Dazu die Sonneneruptionen, kosmische Explosionen und Vulkane, Magnetfeldumkehr und dann noch CO2, Nitratdüngung, Methankühe.
Da ist es wohl besser, wir schaffen uns unsere eigene Welt und wandern aus.

Wo soll auch der Sinn zu finden sein?

Das Auftreten von Extremereignissen kann nur im Kontext der betroffenen Region einer Klimazone zweckmäßig betrachtet werden.

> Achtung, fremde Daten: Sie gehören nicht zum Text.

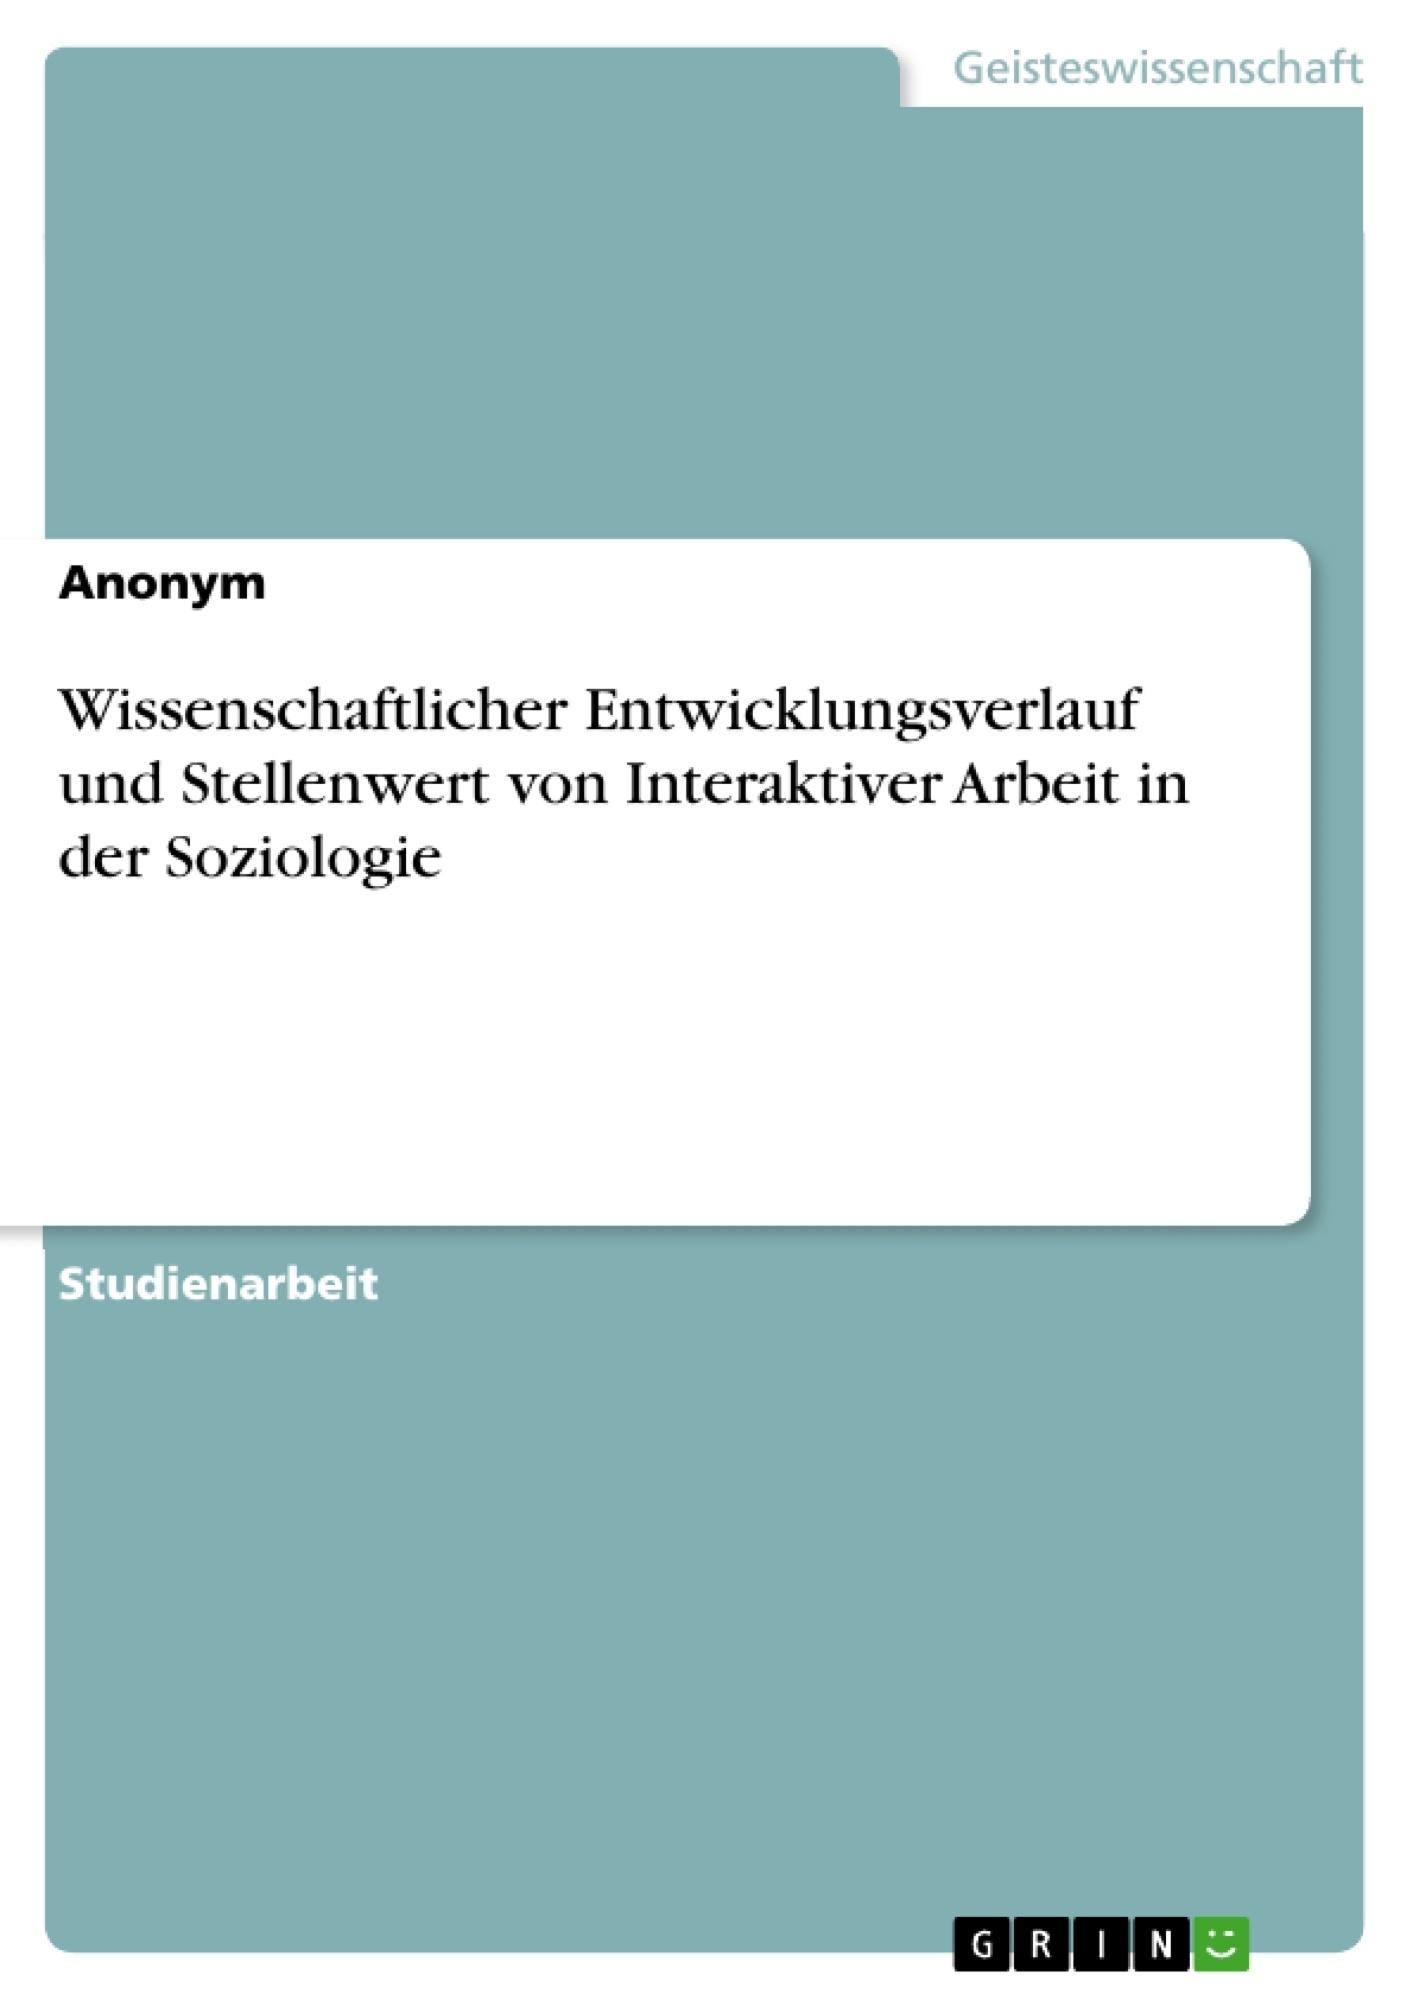 Titel: Wissenschaftlicher Entwicklungsverlauf und Stellenwert von Interaktiver Arbeit in der Soziologie
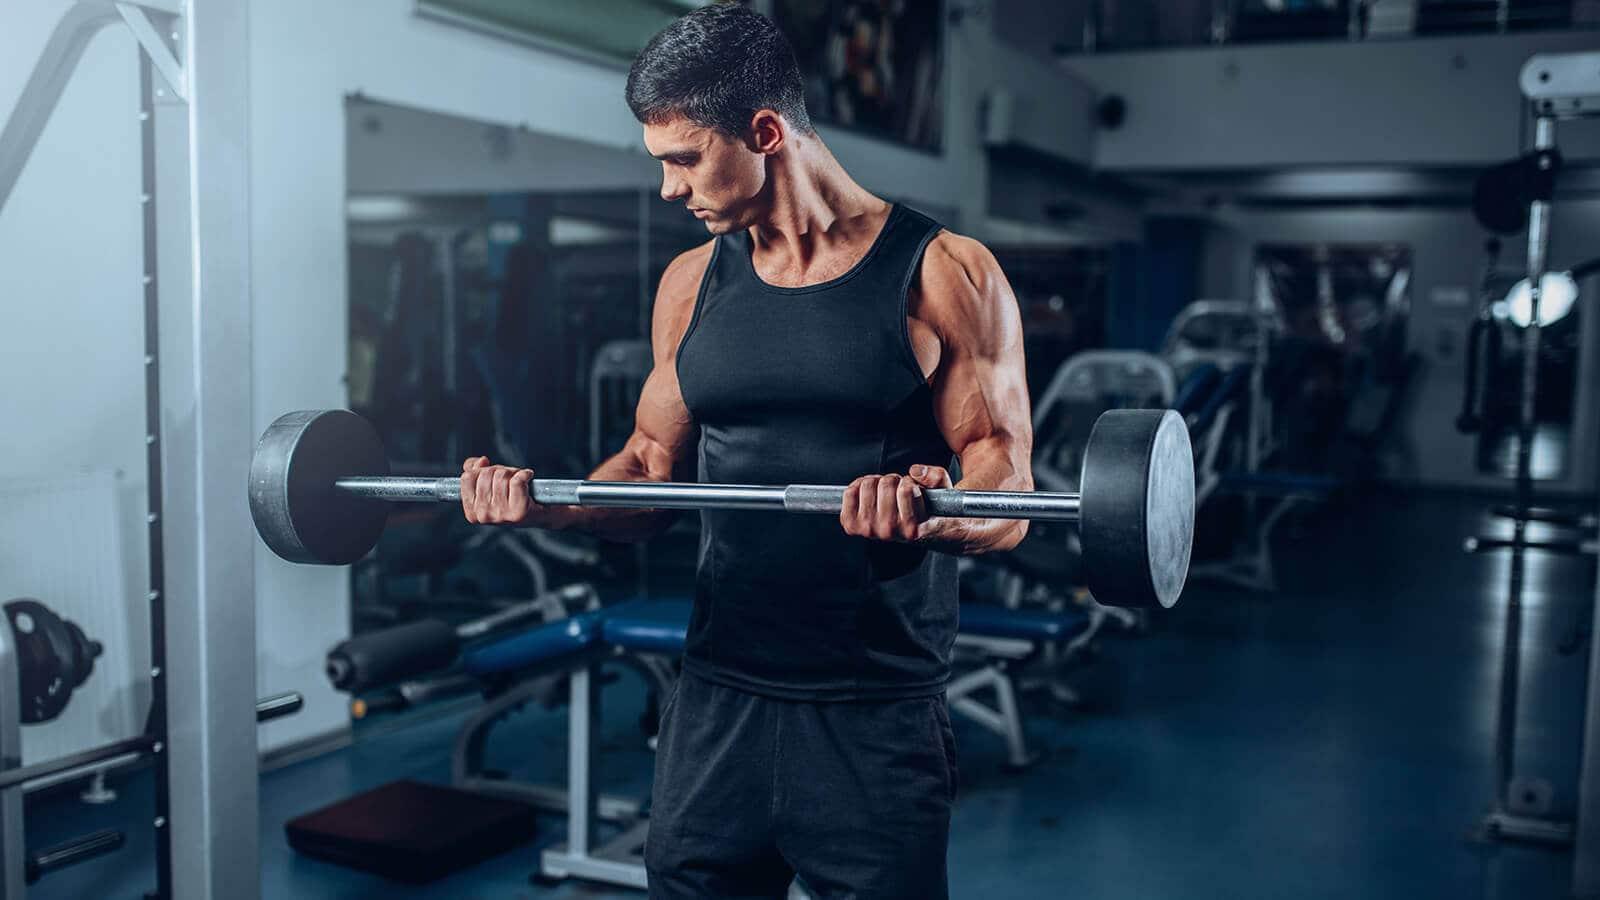 Programme Entraînement Prise De Masse Sèche Pour Prendre Du Muscle

Aber was will man erwarten, wenn schon nach "dem Klimawandel" gefragt wird???

Müsste hier die Frage nicht eher lauten: "wie kann man einen anthropogenen Anteil in den geogenen Vorgängen mit möglichen Größenordnungen einer Veränderung erkennnen?

Denn endlich können Hypothesen mal an z.T. hochauflösbaren Regionaldaten falsifiziert werden!

Oder möchte jemand angesichts des Informationspotenzials das aus Messungen möglich ist (nicht bloß Niederschläge und HW)davon Abstand nehmen?

Die wissenschaftlichen Werkzeuge gibt es seit Jahrzehnten!

MFg Karl Müller

Zitat aus dem IPCC SRX Report

"Einige Autoren meinen, ein Klimawechsel-Signal in den Schadenszahlen finden zu können, aber ihre Arbeiten sind eher Besprechungen und Kommentare als empirische Forschung ..."

Und jetzt lesen wir mal, was die Medien in den letzten Monaten bei besonderen Wetterereignissen geschrieben haben und noch schreiben werden.